# must you use a walkaround controller



## gandy dancer#1 (Jan 21, 2012)

I have the bachman ez command dcc controller .would like to add second controller, but being told by several it has to be the walkaround controller. so I pose this question to the gurus. why ?? the only differenc I can find is the color !! they both have same circuitry. both have IO ports. as long as you run only one power supply for both shouldn't be any conflict right !! so hey guys explain to newbie please!!


----------



## Brakeman Jake (Mar 8, 2009)

I'm not familiar with the system you're talking about...However,YOU CAN'T RUN TWO COMMAND STATIONS TOGETHER,whatever the brand,unless one can be converted to a booster.Two components sending conflicting infos to a same circuitry will create havoc in no time,and likely smoke along with it.


----------



## wvgca (Jan 21, 2013)

uh .. nope ...
the main unit has an integral circuitry to feed power [along with dcc data] to the track.. one powered unit will not feed power back to the unpowered unit either ..with both units powered there is no way to synchronize the actual dcc ,voltage waveform and the magic smoke gets out...quite likely both of them... the 44907 companion walk around is longer offered by bachmann, but you might be able to find one on ebay .. some other brands use seperate logic [handheld] and power units, when you hook them up [properly] they will synchronize the dcc waveform .betwen supplies [boosters]. at one time mrc command 2000 units could be hooked together with a mfgr supplied Y cable,this cable blocked power but fed control data, and another seperate supply [booster] was required, but those are obsolete as well...if you prefer bachmann you may want to look at the dynamis line..??


----------



## gandy dancer#1 (Jan 21, 2012)

*must you use the walkaround controller*

Hi Wgvca :: I am not the brightest tech, but that was my thinking that you could use a stock controller as an extra handheld/walkaround. you are only linking the secondary to the main controller via the I/O port and not hooking it to a power supply therefore it only transfers data to the main controller and is not hooked to the track other wise!! like a set of secondary toggle switches powered by a main bank of switches. apparently no one has tried this with the bachman controllers, I cant see paying high price for the walkaround box which is in short supply no longer made, and I see plenty of the standard boxes running loose . Thank you for your reply !!


----------



## wvgca (Jan 21, 2013)

gandy_dancer#1 .. it probably wont work, but go ahead and try if you wish ... the ez command was lenz re-design, and the I/O port was 'first version' Xbus, uses 4 of the 6 pins only ... and outputs 12v [to power the walk around controller], and rs485 data through a RJ12 connector . Xbus has been superceded by the XpressNet protocol, but is very similar.. the main question is while the command station does output power and data, I have no idea if it can INPUT power through the xbus port to make it operational... You may want to look for an Atlas, Roco or Lenz walkaround controller ..


----------



## RT_Coker (Dec 6, 2012)

wvgca said:


> gandy_dancer#1 .. it probably wont work, but go ahead and try if you wish ... the ez command was lenz re-design, and the I/O port was 'first version' Xbus, uses 4 of the 6 pins only ... and outputs 12v [to power the walk around controller], and rs485 data through a RJ12 connector . Xbus has been superceded by the XpressNet protocol, but is very similar.. the main question is while the command station does output power and data, I have no idea if it can INPUT power through the xbus port to make it operational... You may want to look for an Atlas, Roco or Lenz walkaround controller ..


Do you have any idea where the 12v & ground pin-outs might be on this RJ12? Sounds like a good accessory power source to me.

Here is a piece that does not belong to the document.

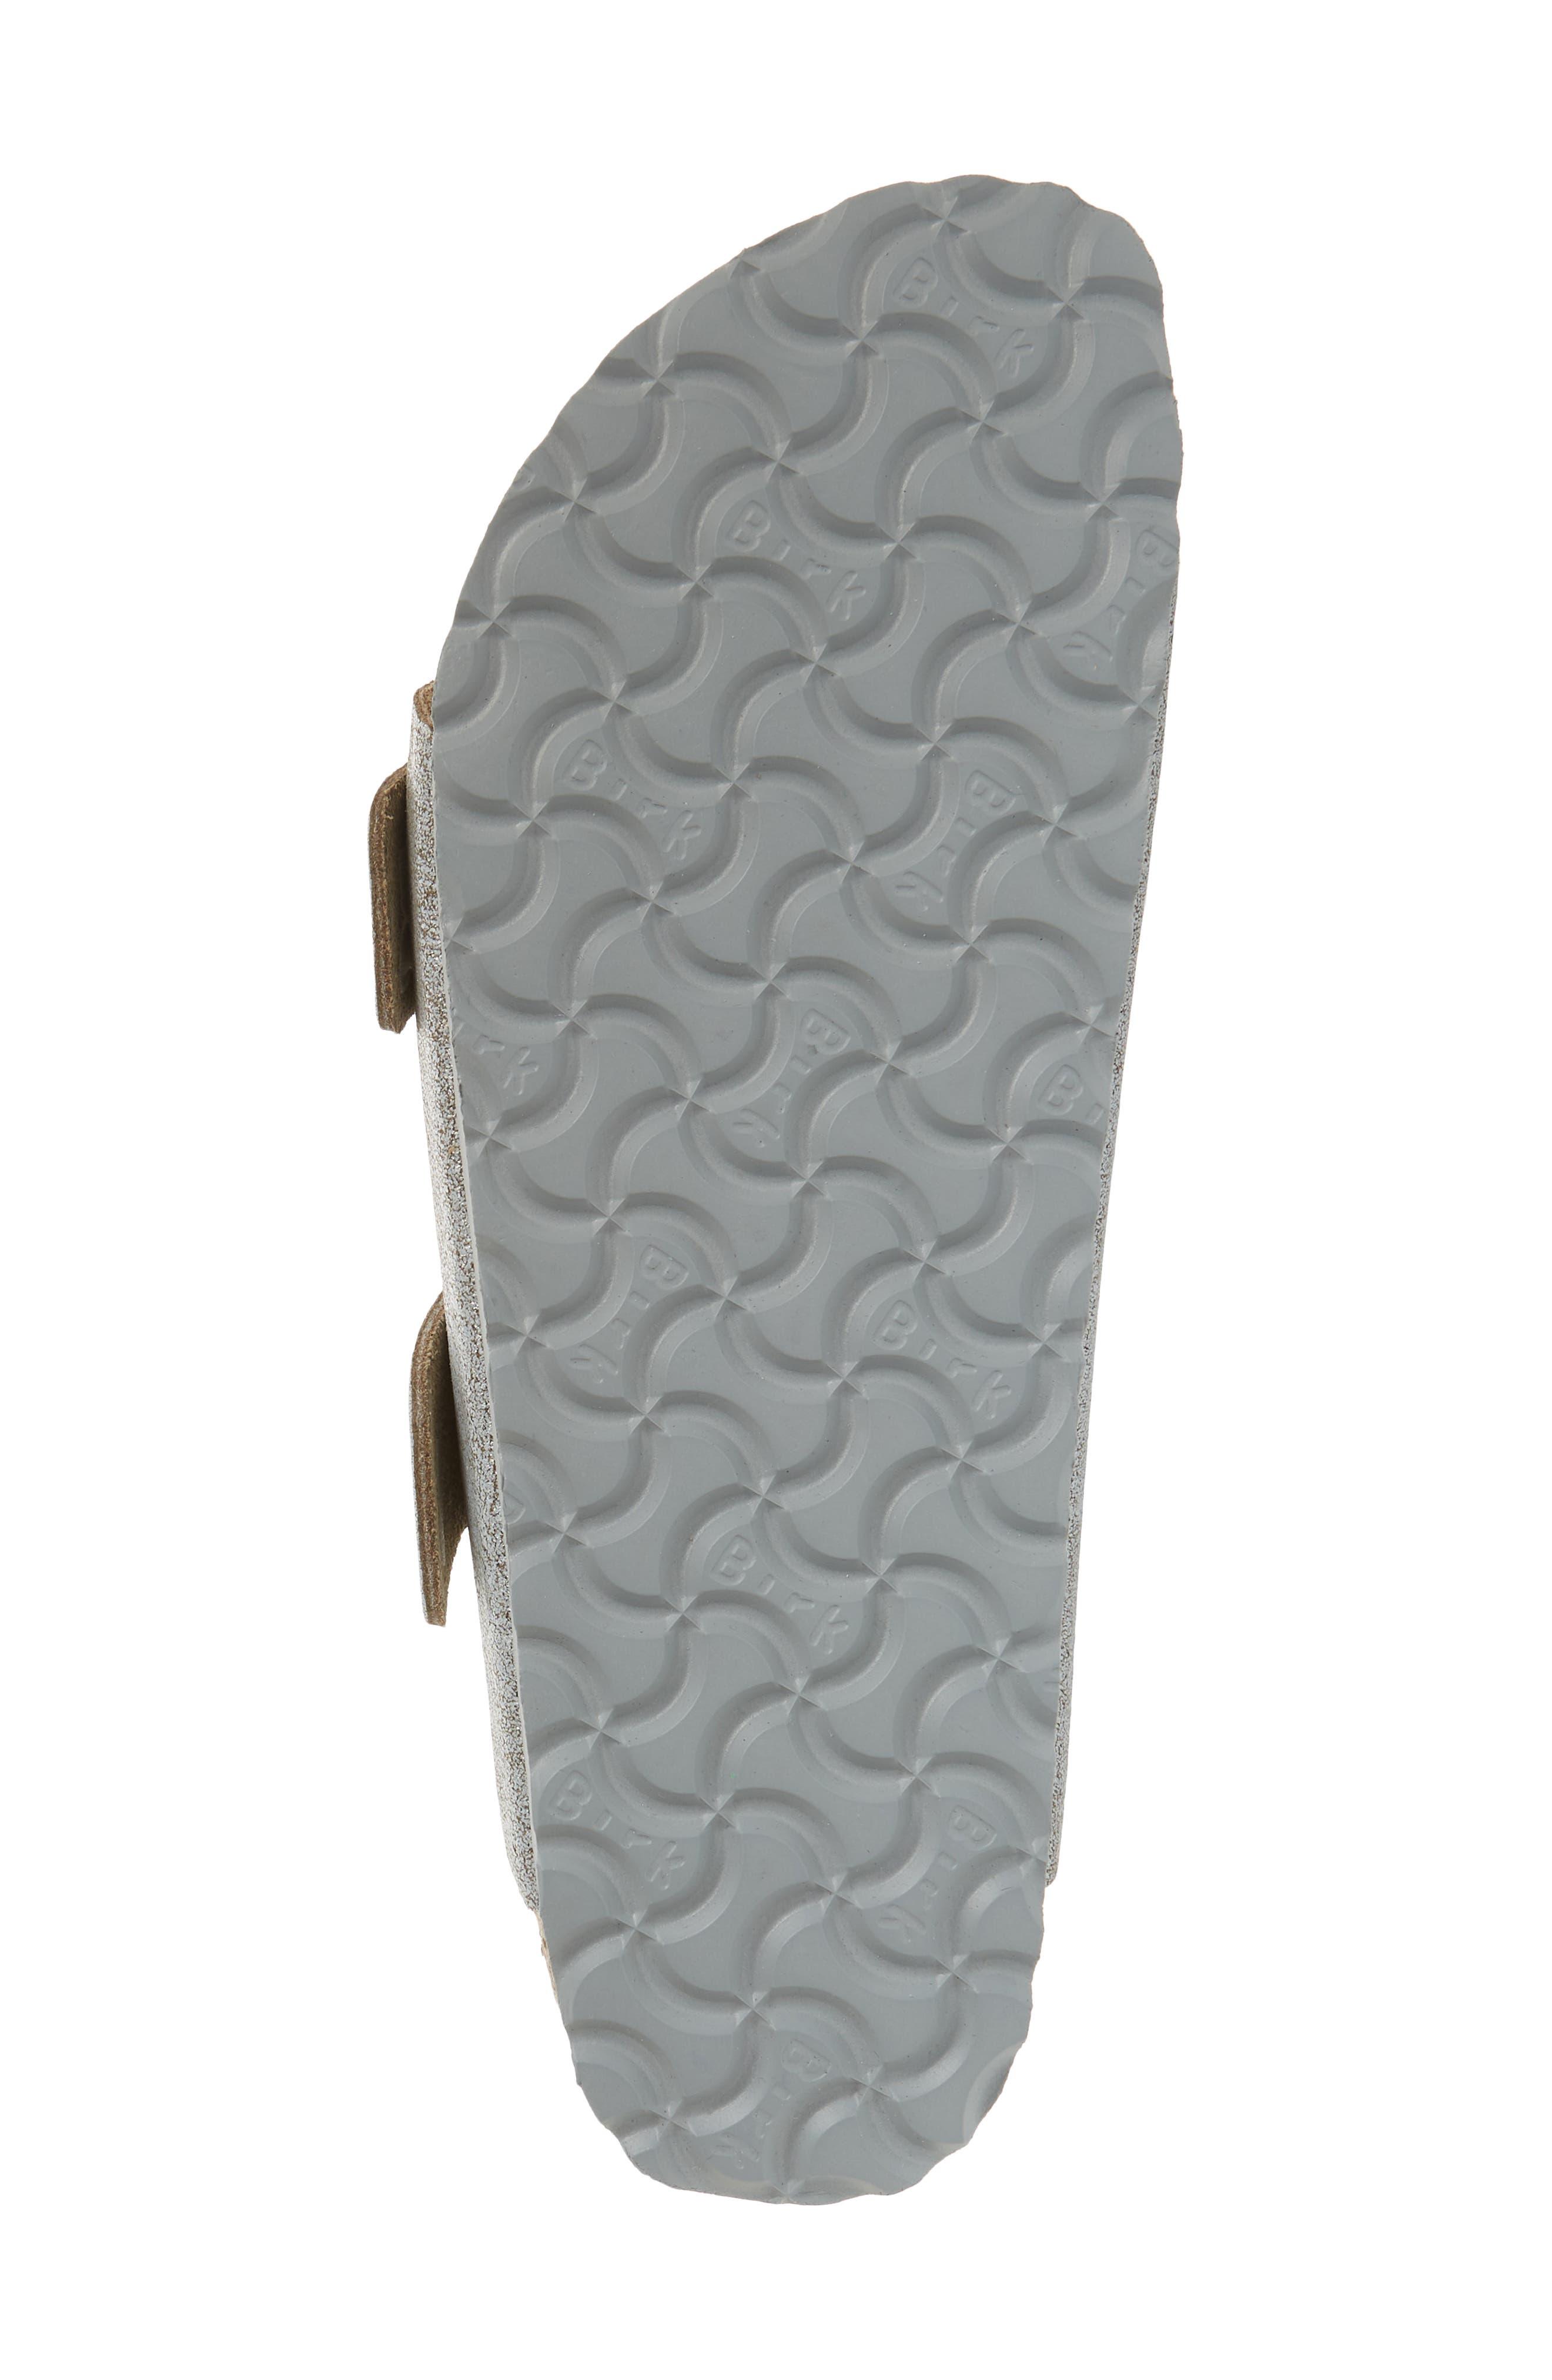 BIRKENSTOCK, Arizona Big Buckle Slide Sandal, Alternate thumbnail 6, color, WASHED METALLIC BLUE LEATHER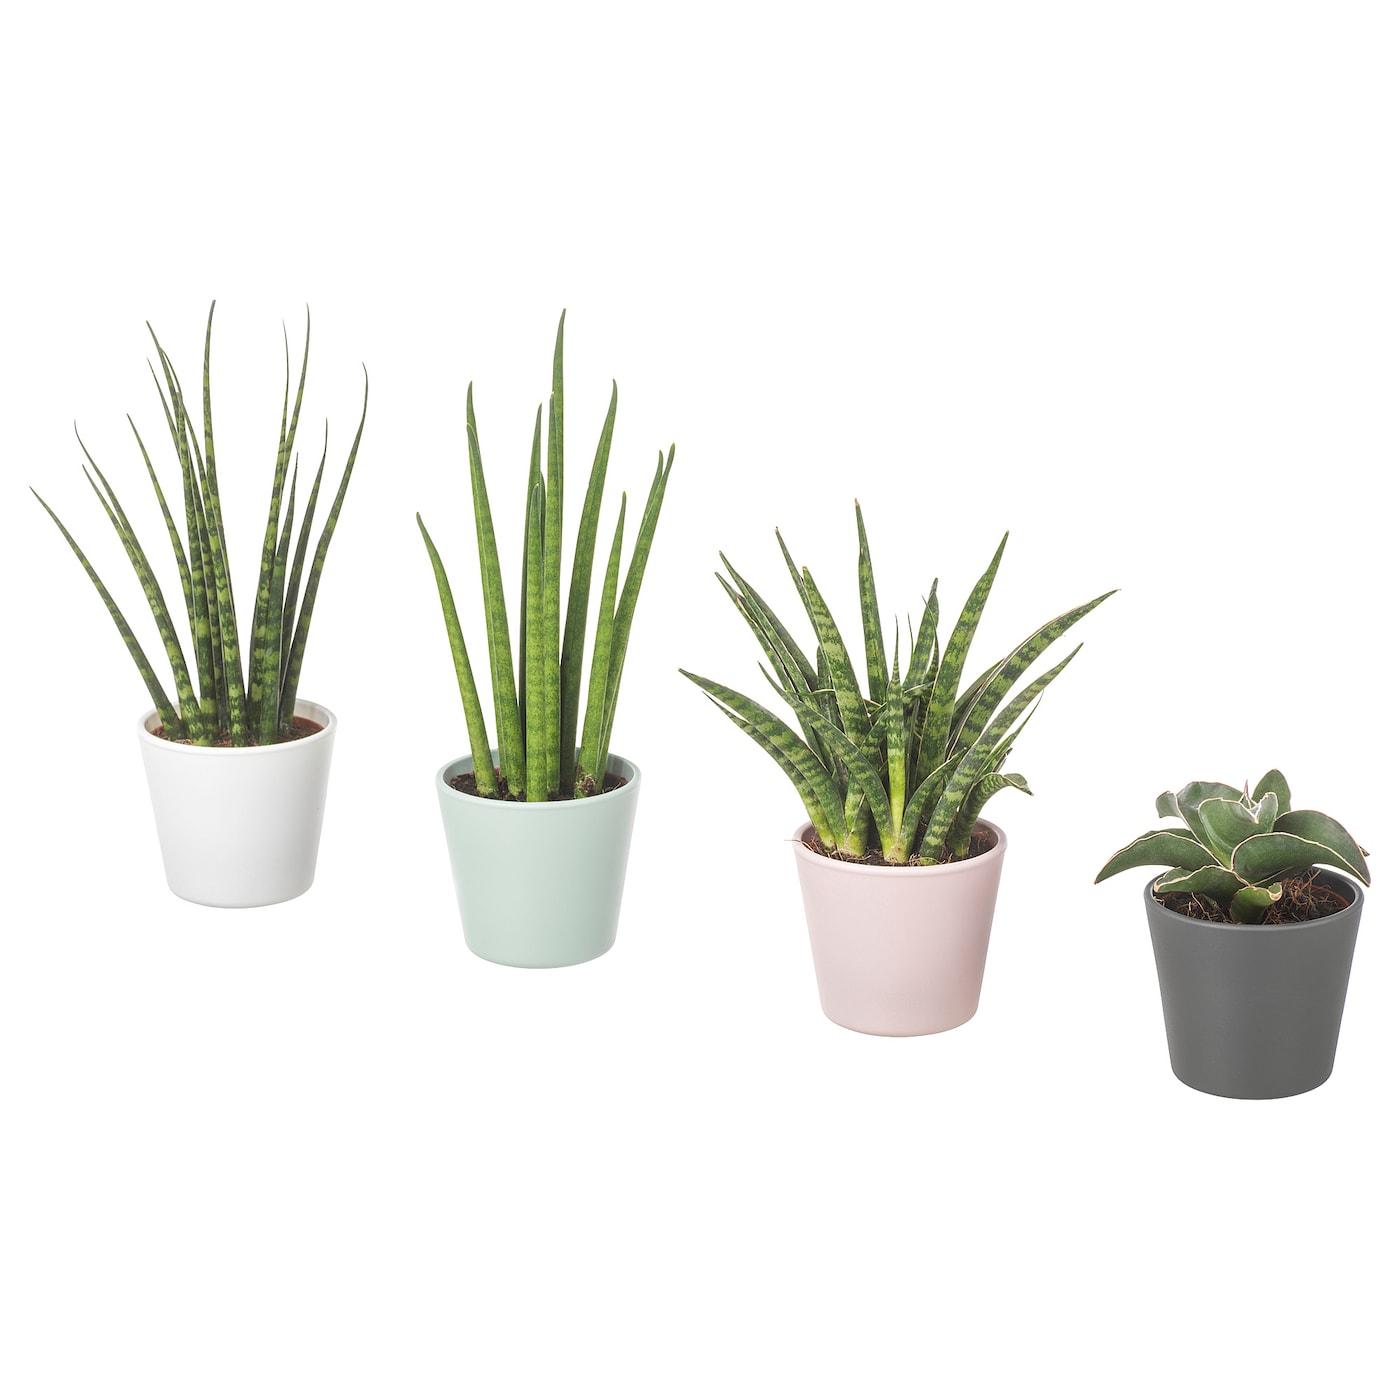 Plantas Naturales | IKEA on

I have one that was dead on arrival, I may open it up for some investigation. Thanks in advance.
Bob


----------



## wvgca (Jan 21, 2013)

middle two pins are data, outside end pins aren't used ... so pins 2 and 5, not sure which is power or ground off hand... not sure how much accessory power [current] that it would put out .. only used for [1] power the handheld walk around, and [2] to enable power on of accessory booster ,, if it's a DOA, why not try??

edit: forgot that some versions of ez command used 8pin rj45, only center four pins used.


----------